Categories: Sanger Science9 August 20228.1 min read

Finishing genome puzzles

By Alison Cranage, Science Writer at the Wellcome Sanger Institute

In the early days of the Sanger Institute, several teams of ‘finishers’ worked on the Human Genome Project. As the name suggests, their role was at the very end of the process; they were responsible for checking and correcting errors in the sequence of letters that represents the genetic code of a human. The teams made sure that the millions of pieces of data churned out by the DNA sequencing machines were correctly assembled in the right order, to represent the final, whole, 3.3 billion pairs of letters in the human genome.

As sequencing technology changed, the role has changed too. But many finishers who started at the Institute still work here 25 years on, using their skills on a variety of other projects and other genomes. We spoke to staff about their experiences, and how genome assembly has evolved over the last two decades.

Alan Tracey started at the Sanger in 1998, just a few years after the Institute opened. He quickly picked up the job as a finisher, even without any previous experience in either science or computing. Soon, it was taking him a week or two to complete a 150,000 letter-long stretch of the genome. “I have no idea why I was able to churn through the work so quickly to be honest. I wasn’t working long hours. I just enjoyed the work I suppose, and it was a natural fit. I got the bit between my teeth and I wanted to make an impact, to do something good,” Alan says. In 2001 he was recognised as the individual having contributed the most finished sequence to the entire Human Genome Project, though he stresses that the work was one part of a multi-stage process and a huge team effort.

In essence, the finishers checked that fragments of code, representing DNA sequence, were in the right order, the right orientation and the right place, much like a jigsaw puzzle. “A lot of the time, you’d have generic parts, where it could be assembled in different ways. If you use the puzzle analogy, it’s like if you had a lot of sky. You need to put the context together around it to get everything in the right place. At the same time you’re trying to resolve single letter errors, which were common. So it was very detailed work,” says Alan.

This task was made possible by software programmes, such as the Genome Assembly Program (GAP), created by James Bonfield, Kathryn Beal and colleagues at Rodger Staden's Lab at the MRC-LMB, which allowed the finishers to visualise, display and manipulate the data, to help solve and check genome assemblies.

The process was labour intensive, demonstrated by the fact that 40 or so finishers were employed to work on the Human Genome Project. But the result was a high quality genome sequence, and the first draft of the human genome was declared finished in 2001, revolutionising biology.
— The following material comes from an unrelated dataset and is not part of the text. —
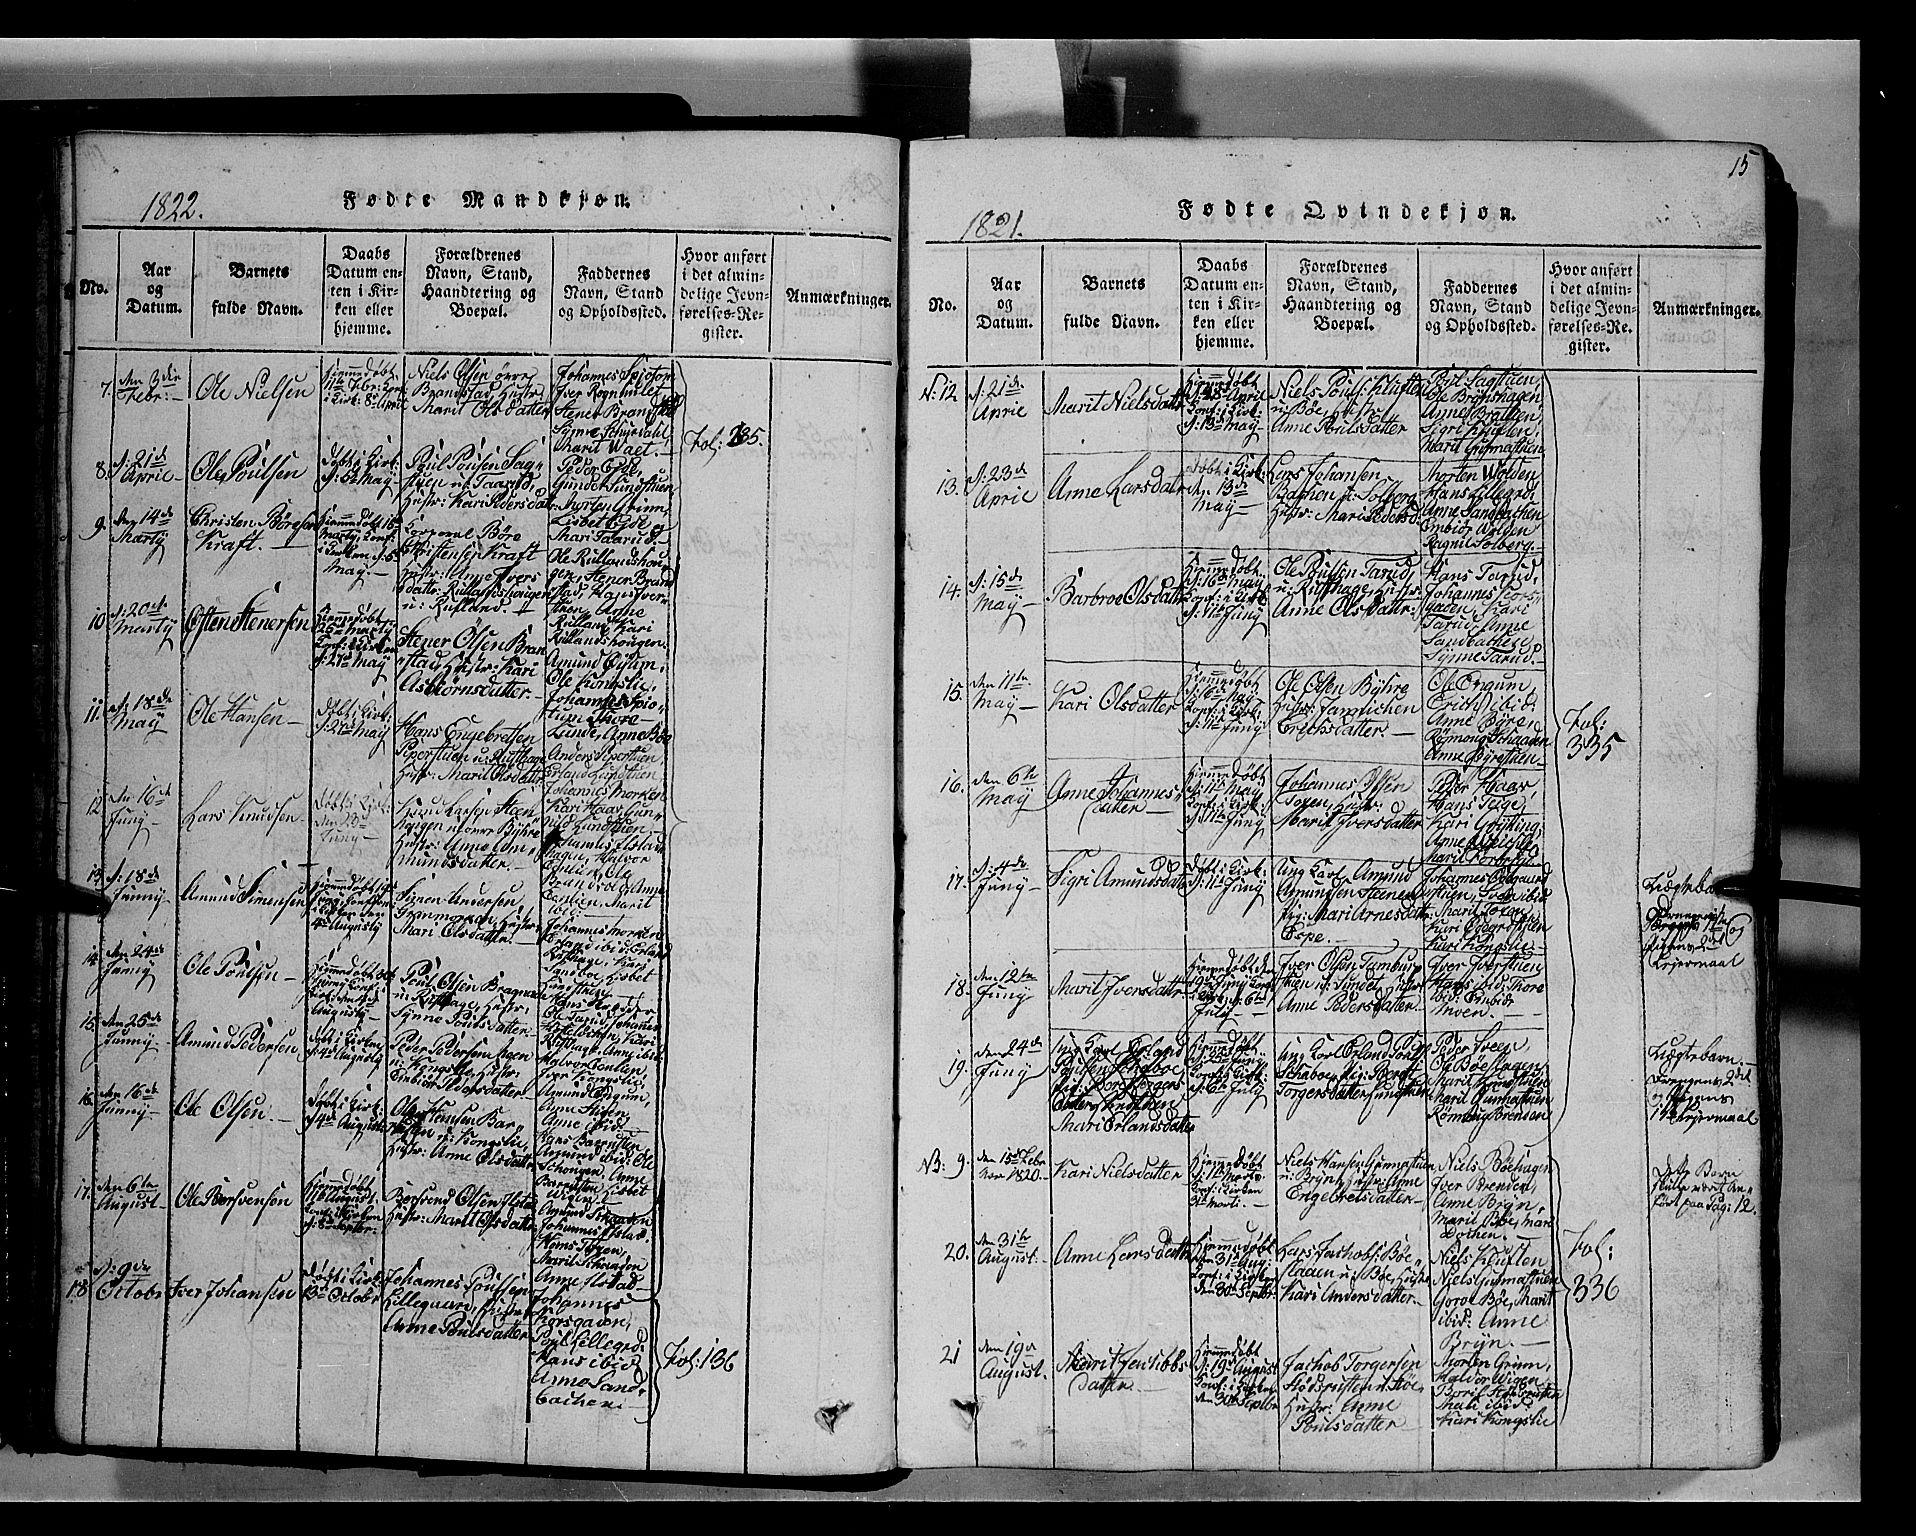 SAH, Fron prestekontor, H/Ha/Hab/L0004: Klokkerbok nr. 4, 1816-1850, s. 15

As the Human Genome Project was coming to a close, some finishers left the Institute, but many went on to work on other organisms.

Screenshot 2022-08-01 111122

Viewing genome sequence data, late 1990s

The zebrafish

Riding on the success of the human genome, confidence was high starting out on the zebrafish. However, it soon became obvious that one genome is not like another. Problems appeared that had never been encountered before. One of the many issues the teams faced was the amount of DNA - there was much less raw material to work with, compared to the human genome project. One solution, Alan says, was to combine material from 40 different fish. The result was enough DNA to prepare for the sequencing machines, but because it was from 40 individuals, the data that came out the other end were hard to interpret. It was difficult to find the consensus. Other issues were overcome with different laboratory preparation techniques and chemistries.

The zebrafish genome was also riddled with short repetitive sequences – most commonly repeats of ‘TA’. The sequencing wasn’t able to get through these, it would run into them and ‘just kind of tail off’. Other regions were impossible to sequences due to their tightly wound structure. These issues were not able to be resolved with the technology available at the time.

Zebrafish from pixabay no credit required

“I remember saying to one of the BoM [Board of Management] members back then - the only way that you're going to sort the worst regions of the human genome is to have really long reads of very high quality. It was obvious what the answer was, but that technology wasn't around for more than 10 years after we were talking about it,” says Alan.

Technology was changing though. ‘Next-generation sequencing’, from Illumina, was introduced to the Sanger Institute in around 2008. This technology produced very short, but almost error free, sequence reads of about 35 letters long. The ‘capillary reads’ derived from Sanger sequencing that had been used up until that point were about 1,000 letters long.

“At first they were too short to be useful,” Alan recalls. It was difficult to assemble and finish a genome sequence, and resulting genomes had many gaps and mistakes. But as the length of reads increased, to 100 base pairs, and 150, “Suddenly, we were able to use that technology, in combination with capillary sequencing,” Alan says.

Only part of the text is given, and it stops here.